I have a directory foo
with several files:
.
└── foo
├── a.txt
└── b.txt
and I want to move it into a directory with the same name:
.
└── foo
└── foo
├── a.txt
└── b.txt
I'm currently creating a temporary directory bar
, move foo
into bar
and rename bar
to foo
afterwards:
mkdir bar
mv foo bar
mv bar foo
But this feels a little cumbersome and I have to pick a name for bar
that's not already taken.
Is there a more elegant or straight-forward way to achieve this? I'm on macOS if that matters.
To safely create a temporary directory in the current directory, with a name that is not already taken, you can use mktemp -d
like so:
tmpdir=$(mktemp -d "$PWD"/tmp.XXXXXXXX) # using ./tmp.XXXXXXXX would work too
The mktemp -d
command will create a directory at the given path, with the X
-es at the end of the pathname replaced by random alphanumeric characters.
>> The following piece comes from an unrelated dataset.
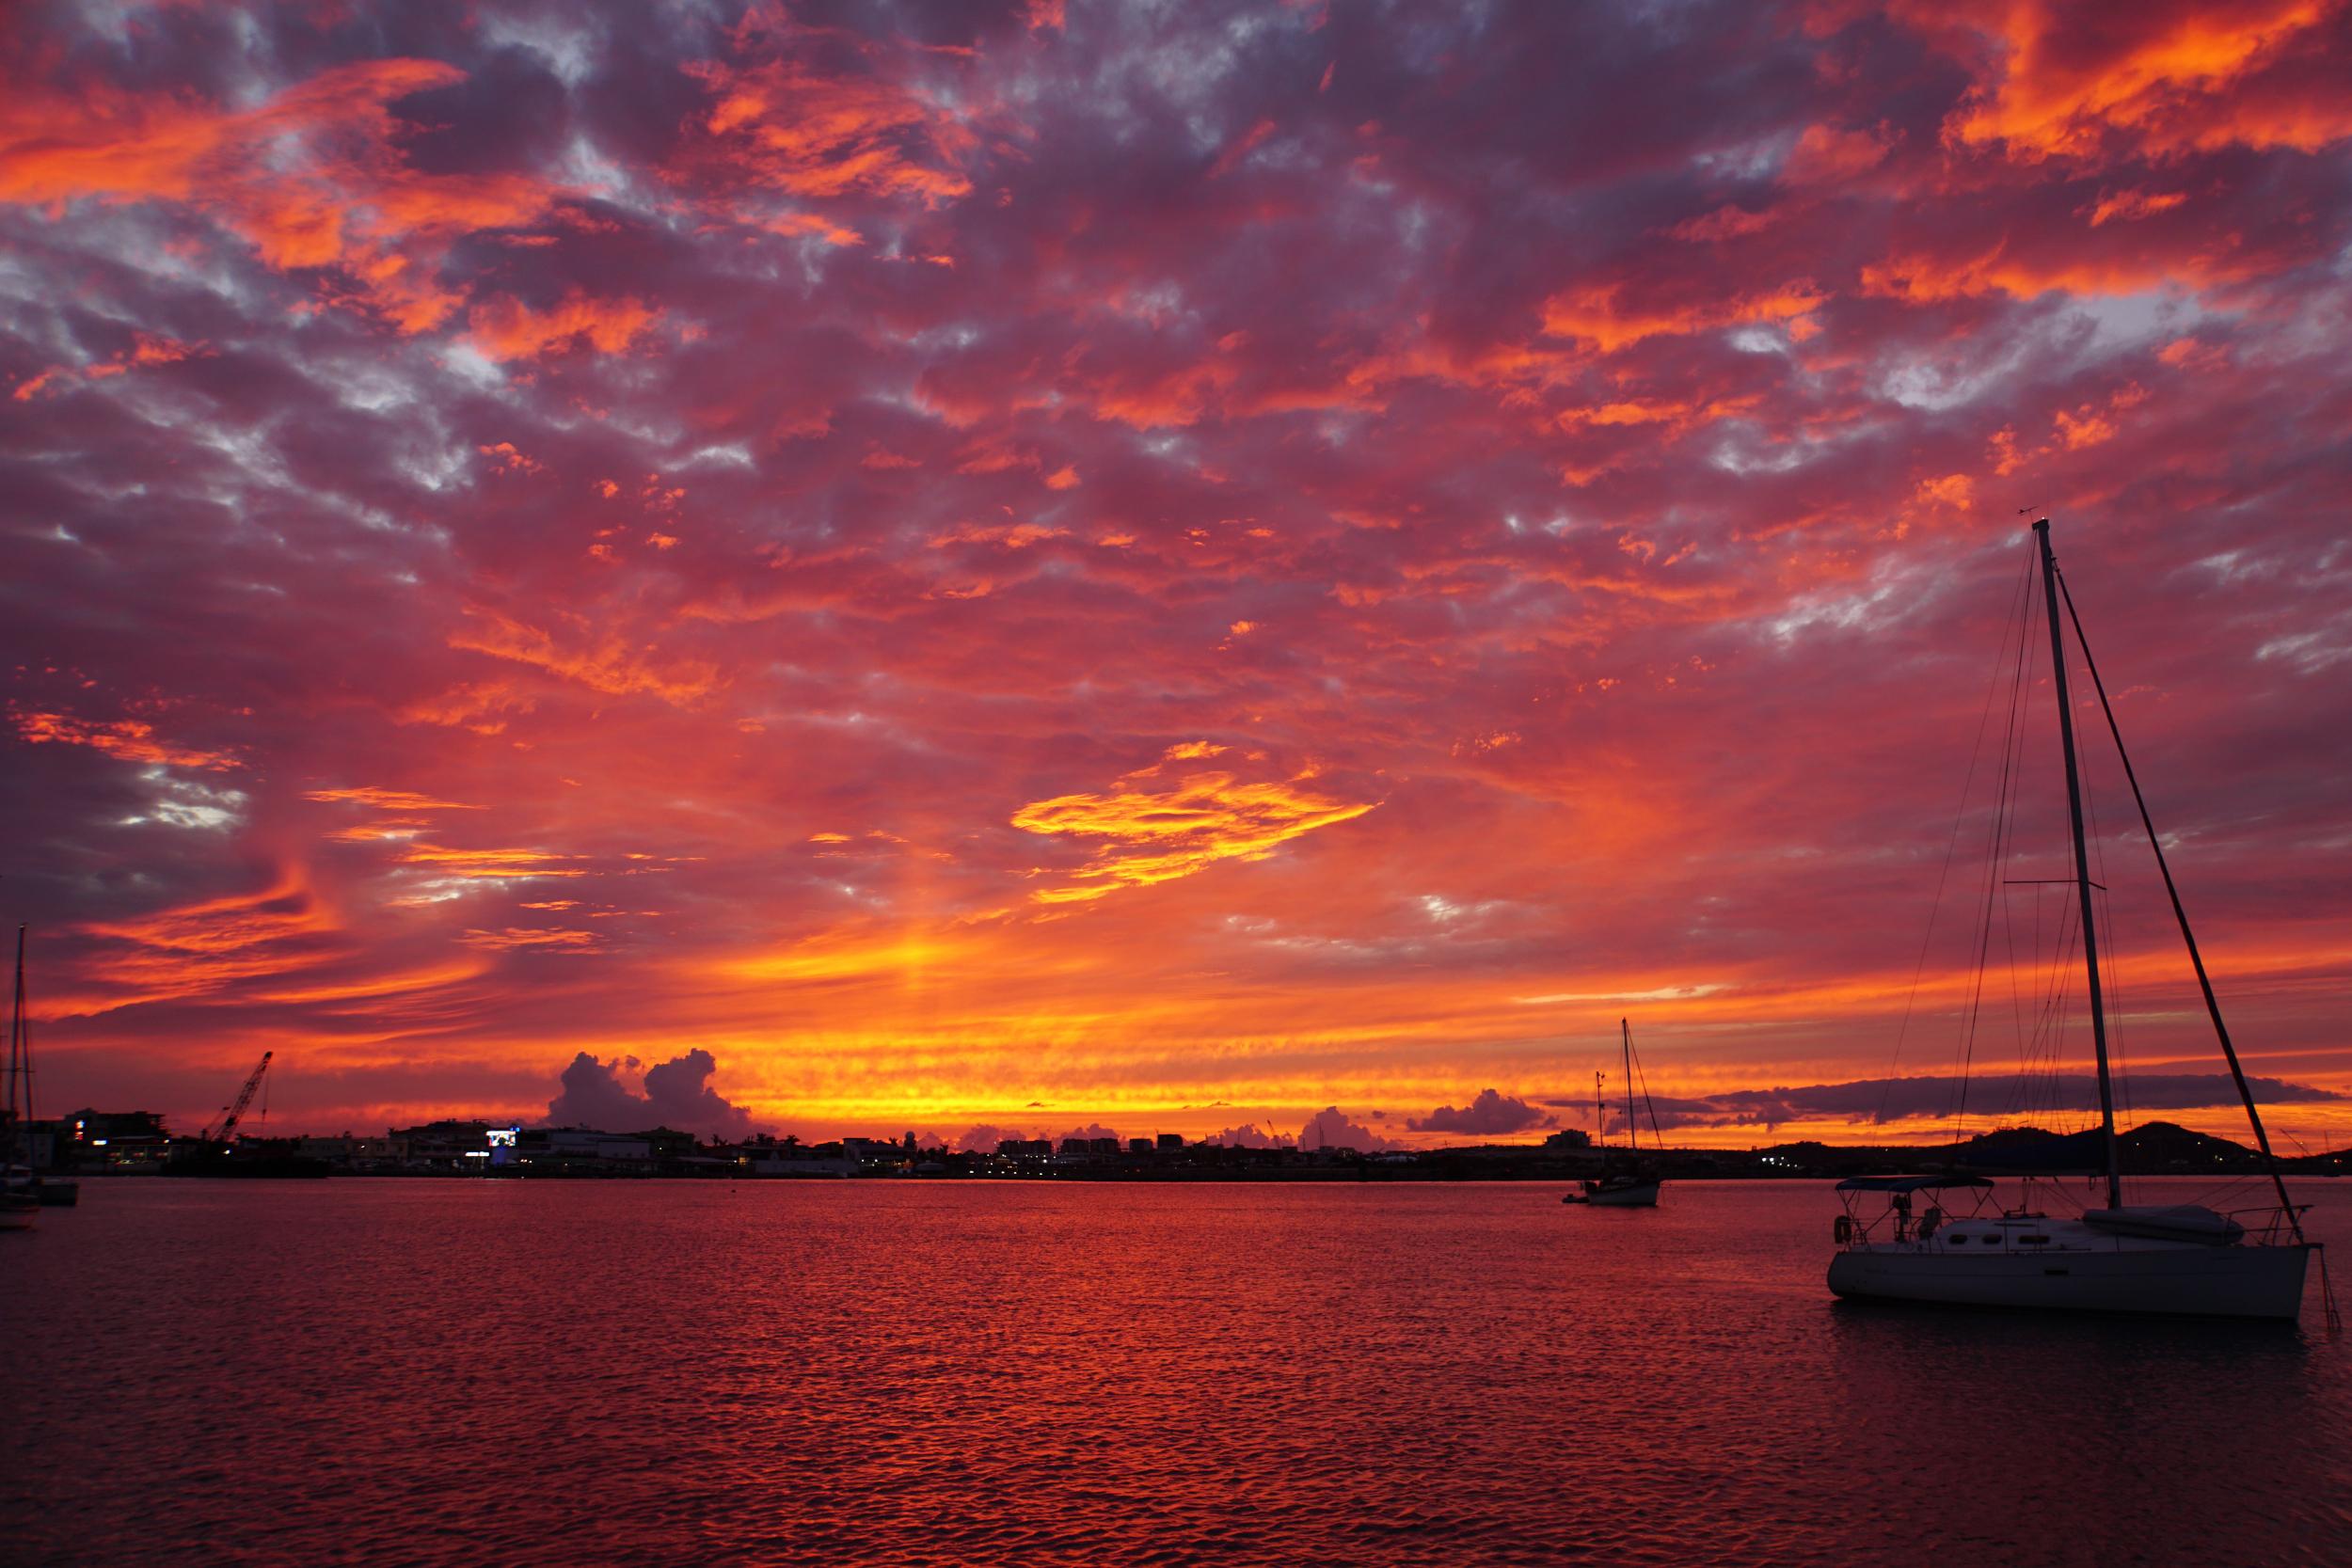 14. Sunset in the lagoon, St Martin

It will return the pathname of the directory that was created, and we store this value in tmpdir
.1
This tmpdir
variable could then be used when following the same procedure that you are already doing, with bar
replaced by "$tmpdir"
:
mv foo "$tmpdir"
mv "$tmpdir" foo
unset tmpdir
The unset tmpdir
at the end just removes the variable.
1 Usually, one should be able to set the TMPDIR
environment variable to a directory path where one wants to create temporary files or directories with mktemp
, but the utility on macOS seems to work subtly differently with regards to this than the same utility on other BSD systems, and will create the directory in a totally different location. The above would however work on macOS. Using the slightly more convenient tmpdir=$(TMPDIR=$PWD mktemp -d)
or even tmpdir=$(TMPDIR=. mktemp -d)
would only be an issue on macOS if the default temporary directory was on another partition and the foo
directory contained a lot of data (i.e. it would be slow).